# Information provided

▼

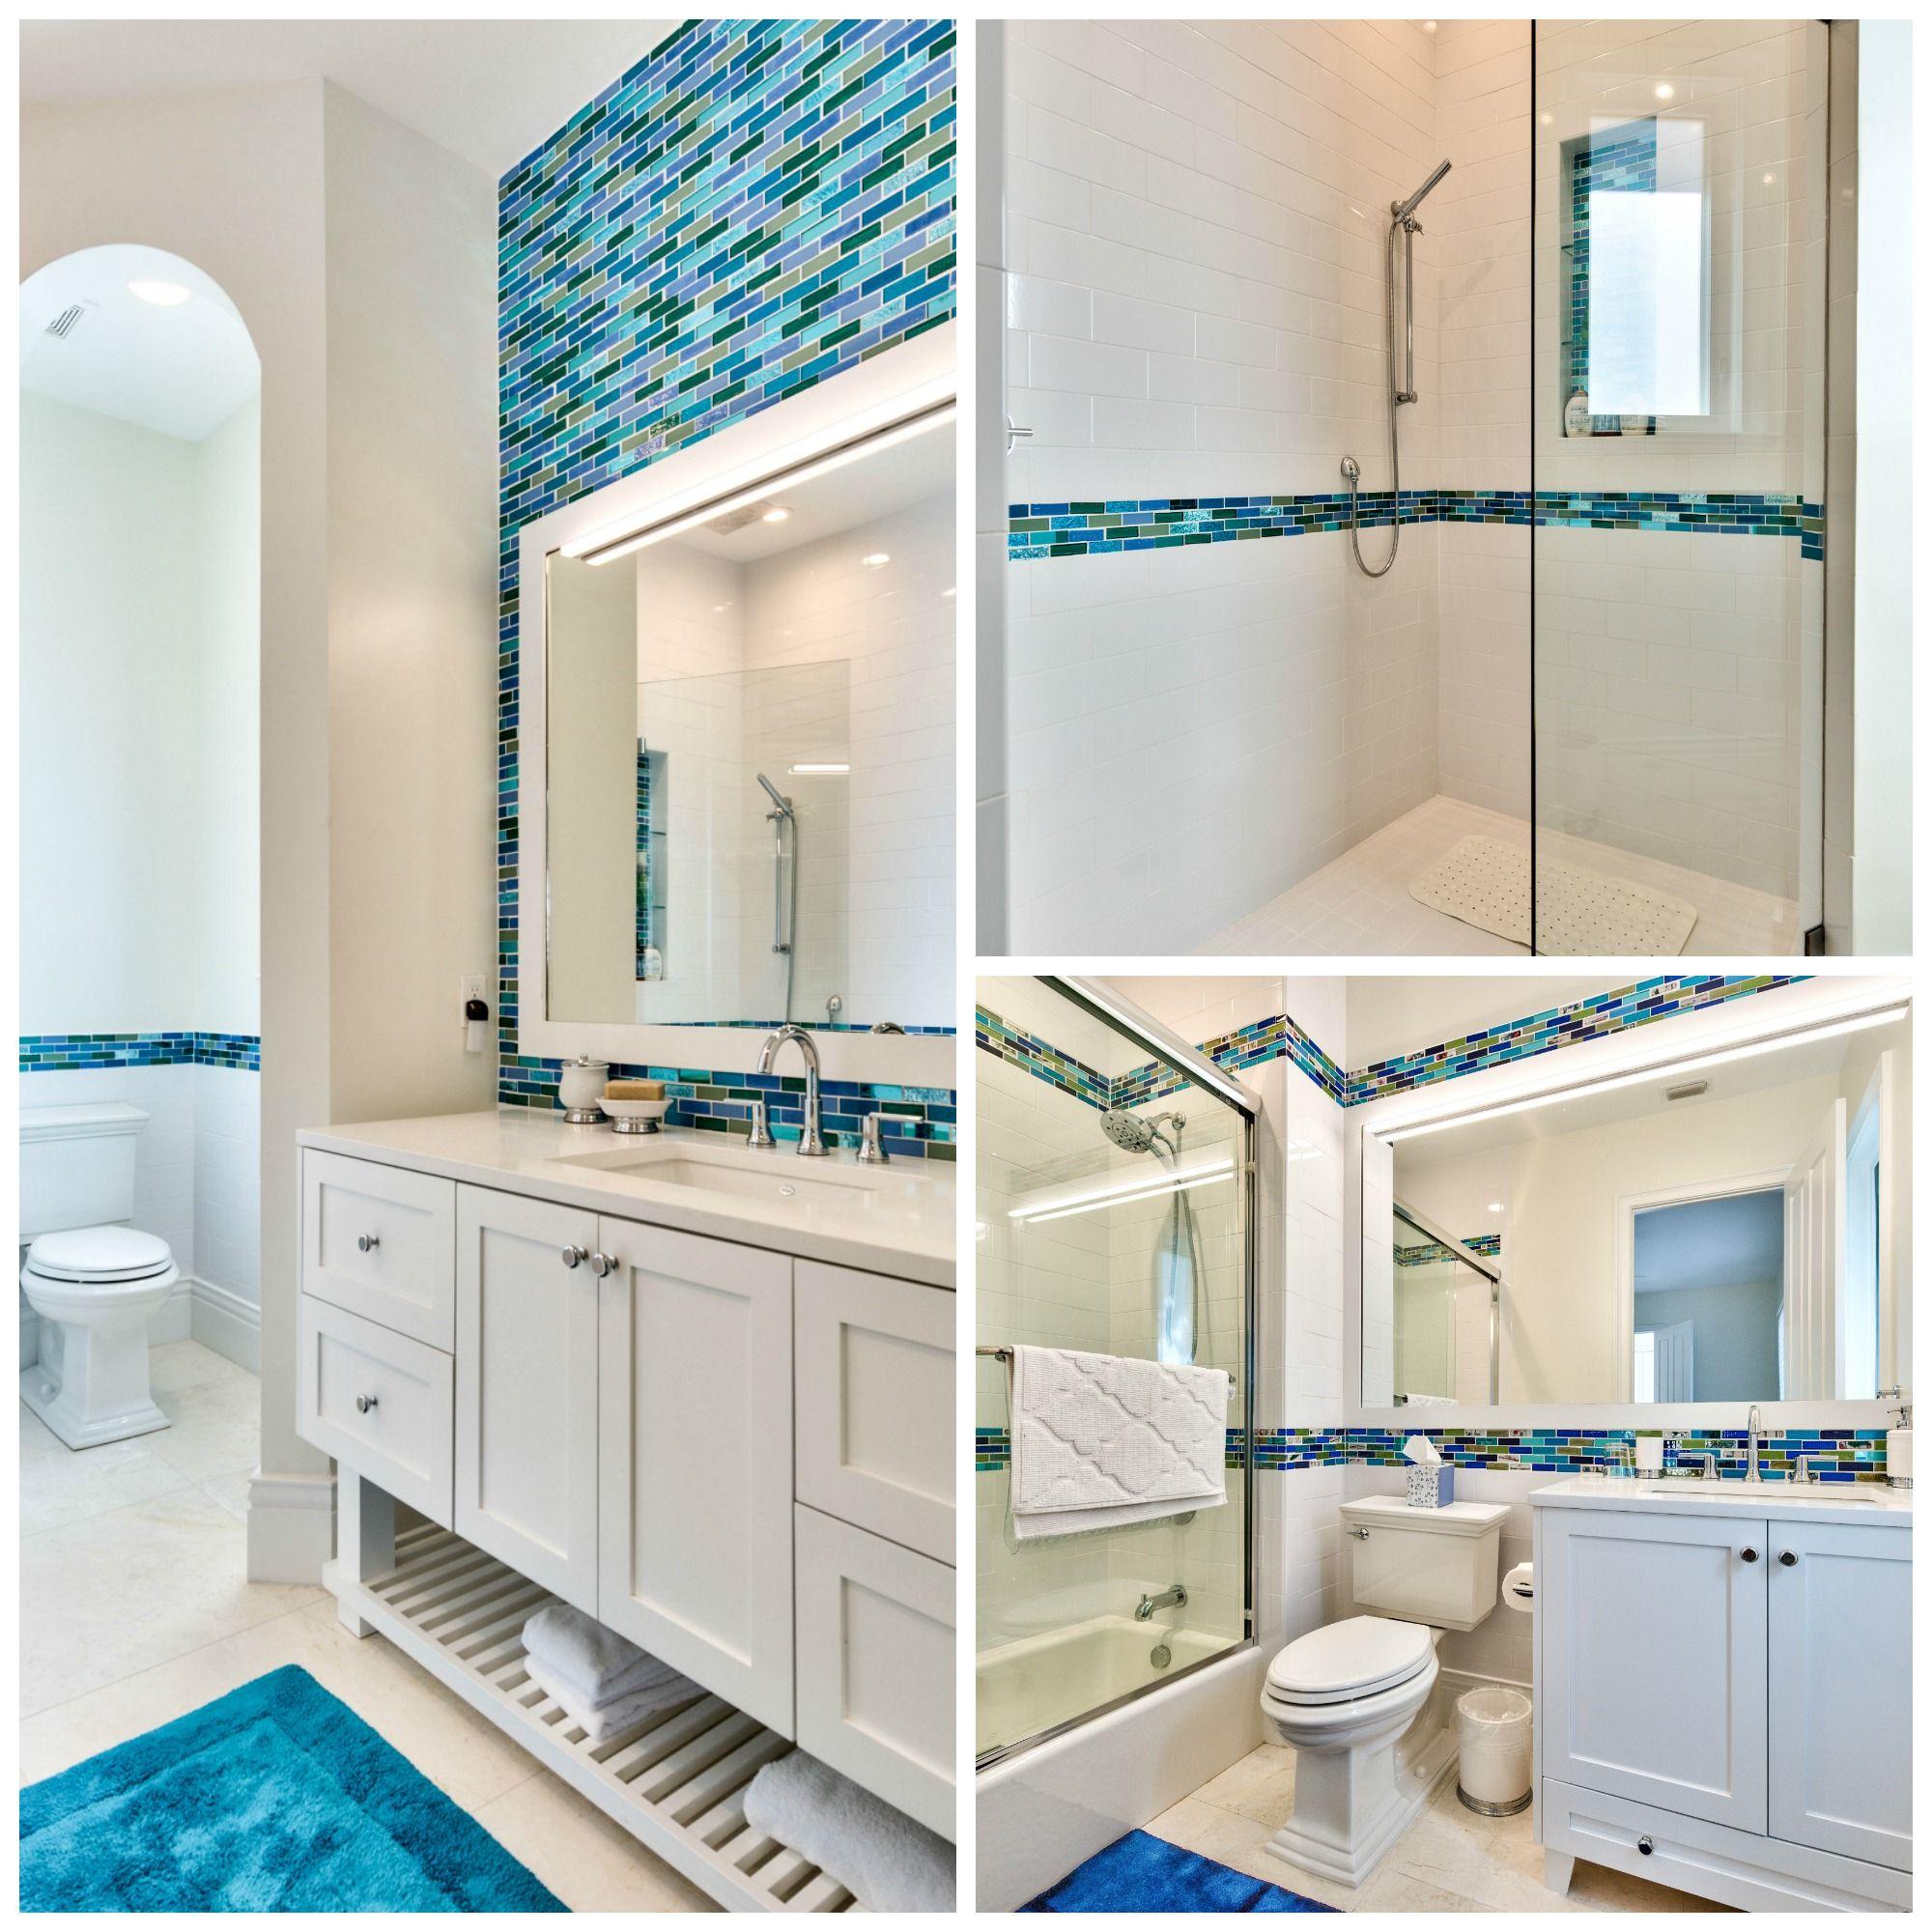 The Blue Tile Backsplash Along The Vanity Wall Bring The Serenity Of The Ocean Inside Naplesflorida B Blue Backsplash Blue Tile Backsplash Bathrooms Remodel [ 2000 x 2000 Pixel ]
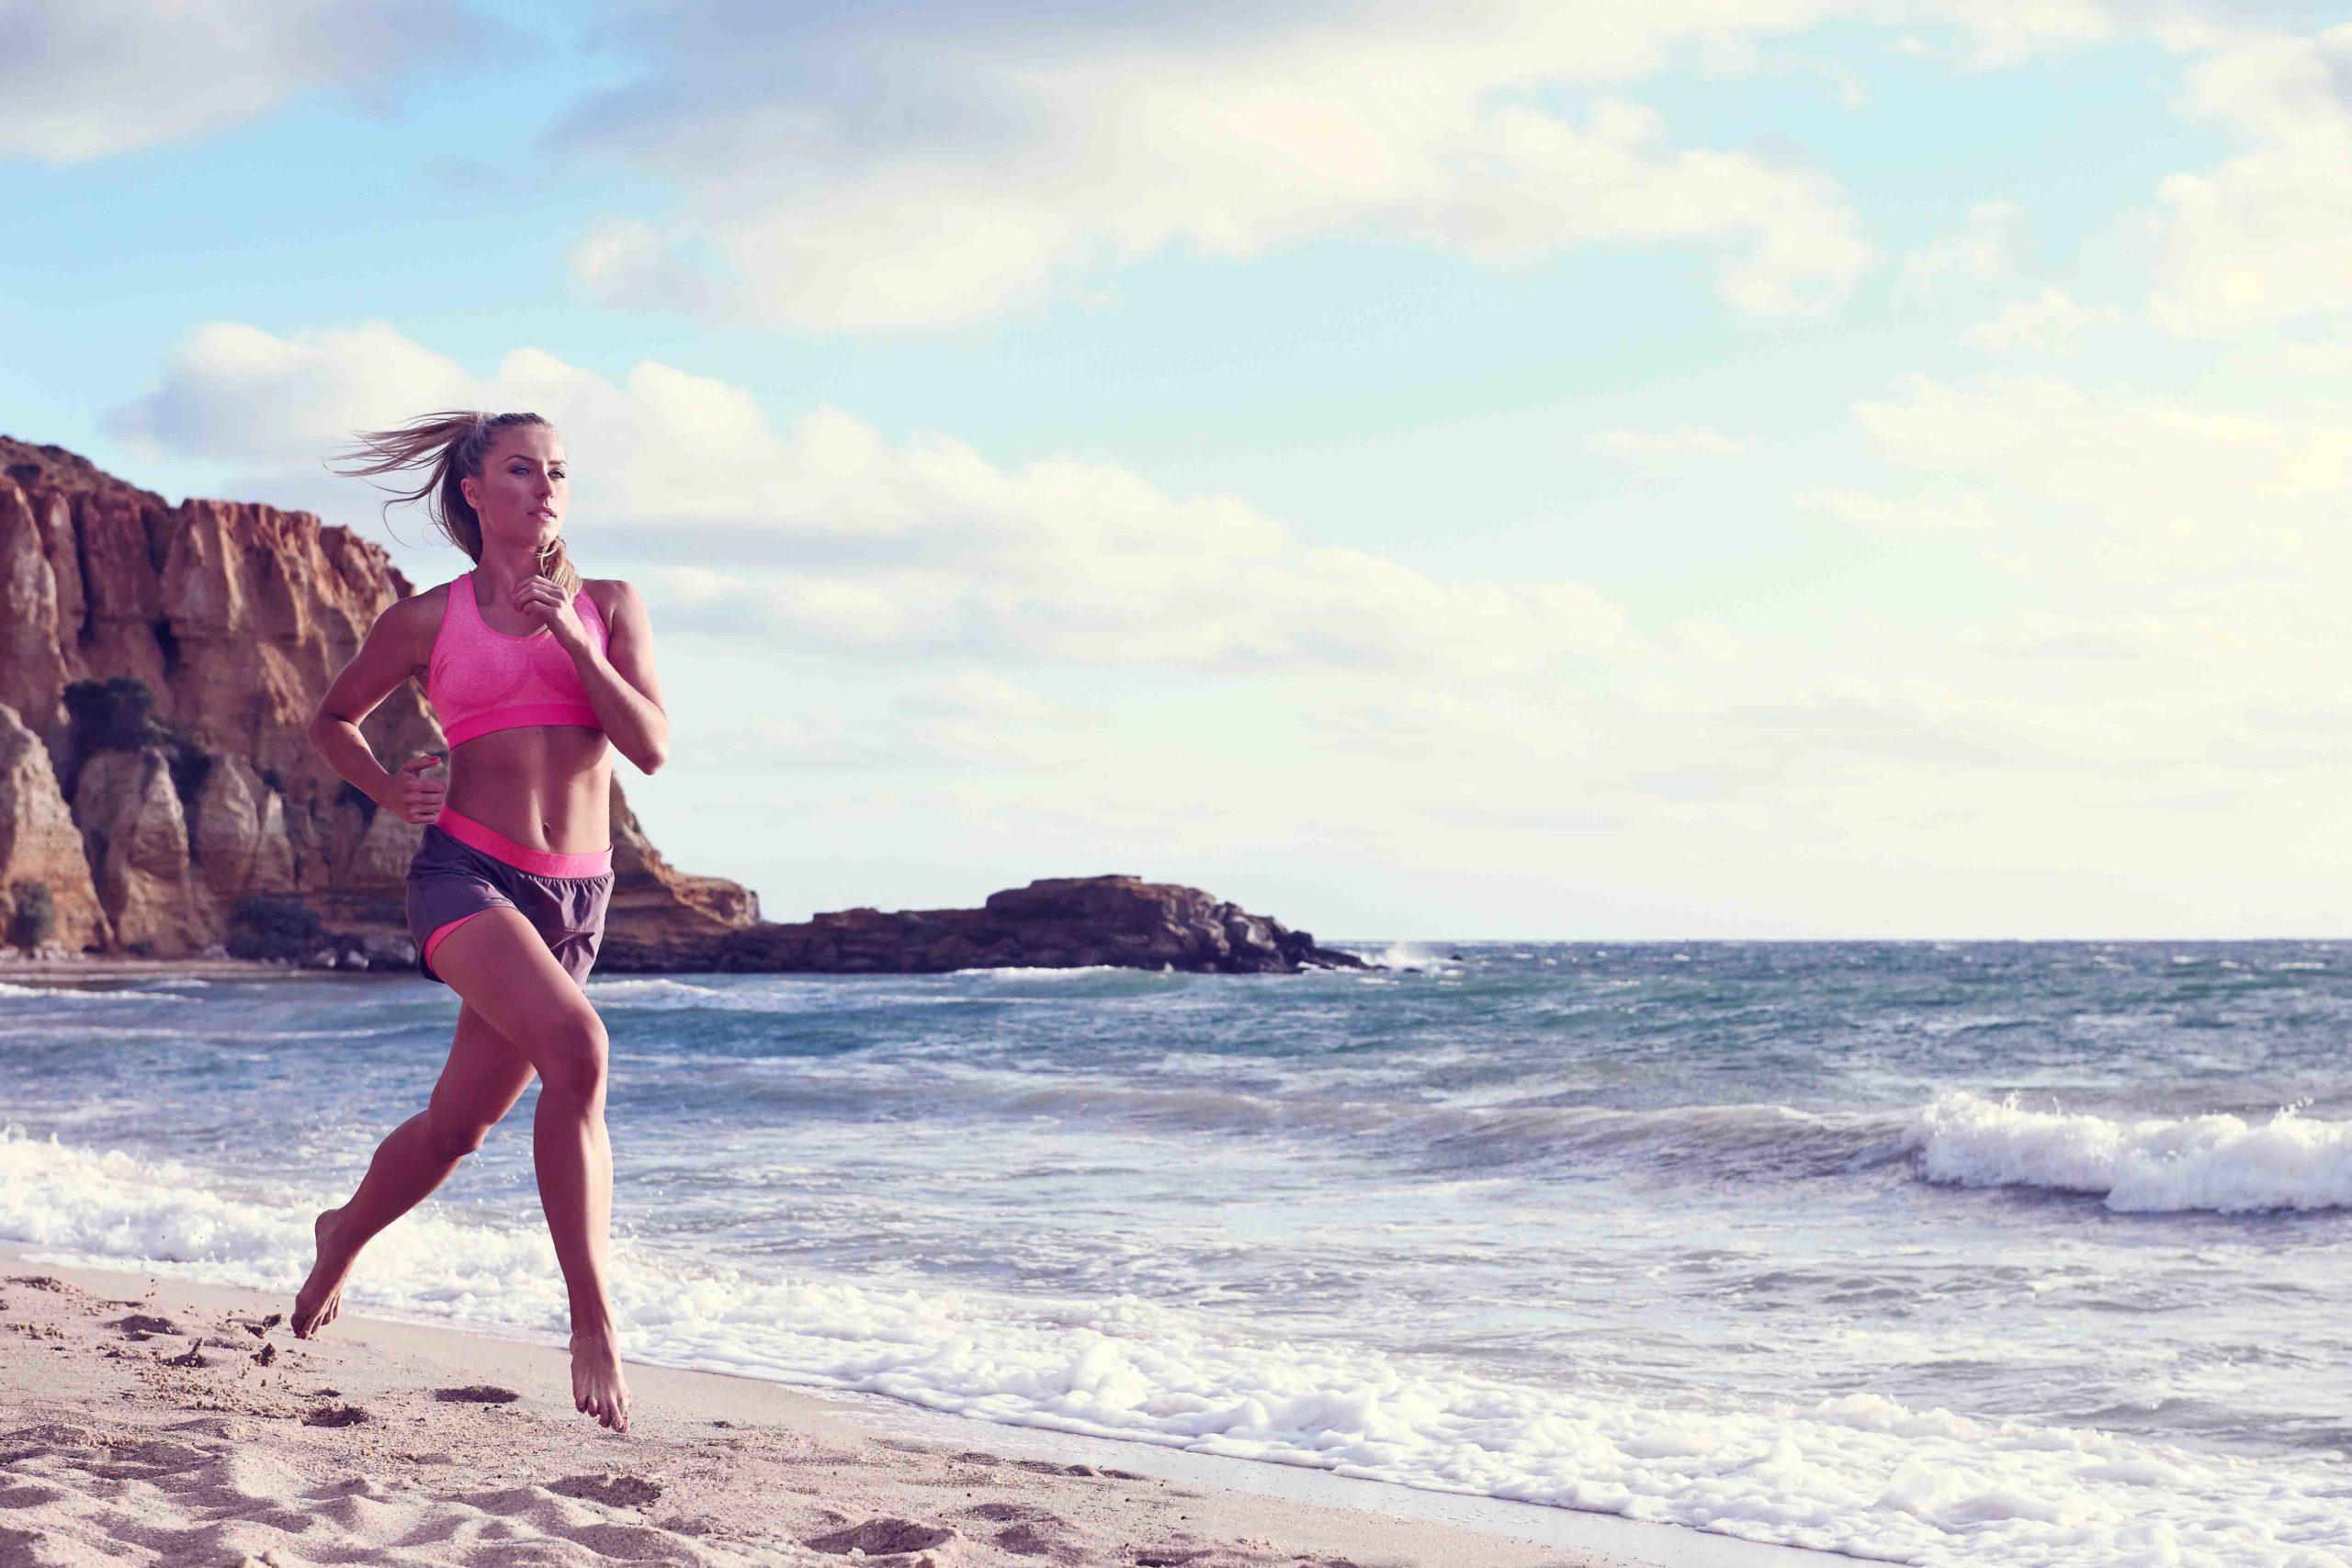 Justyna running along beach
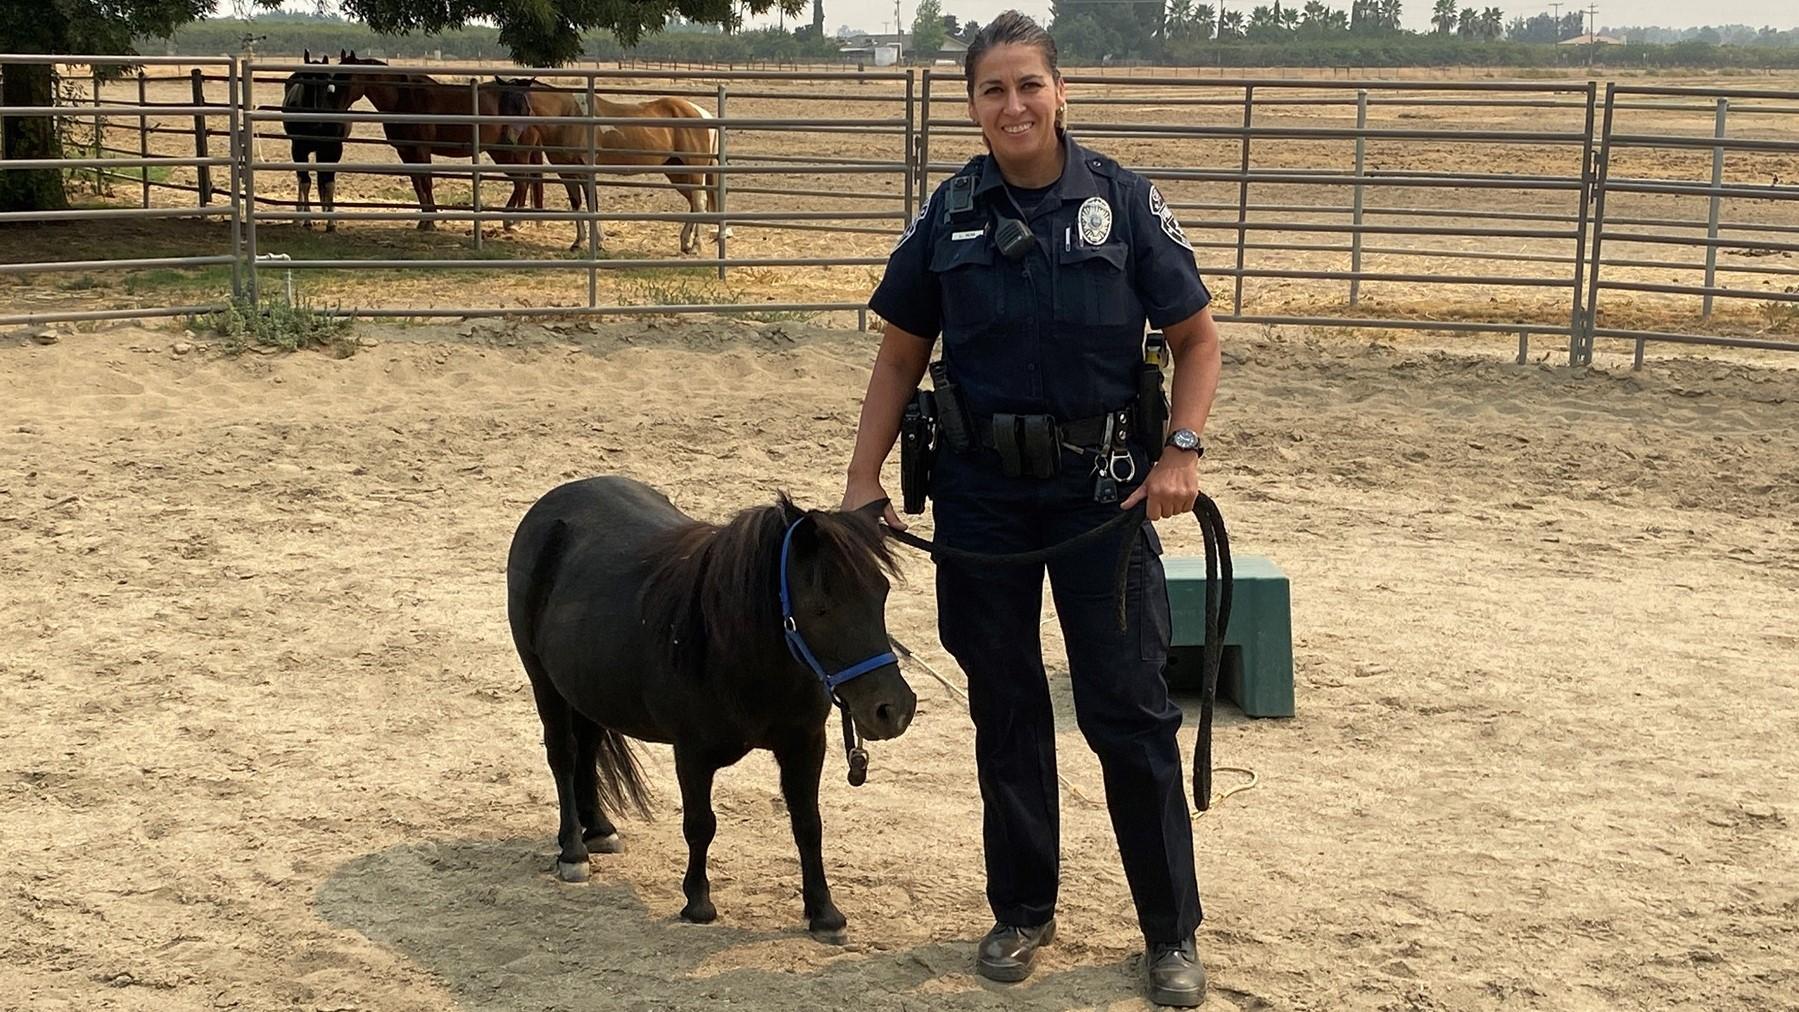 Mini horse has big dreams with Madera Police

▲

# Work instructions
Apart from the images, every line above needs to be printed again exactly.

# The answer
 The Blue Tile Backsplash Along The Vanity Wall Bring The Serenity Of The Ocean Inside Naplesflorida B Blue Backsplash Blue Tile Backsplash Bathrooms Remodel [ 2000 x 2000 Pixel ]
 Justyna running along beach
 Mini horse has big dreams with Madera Police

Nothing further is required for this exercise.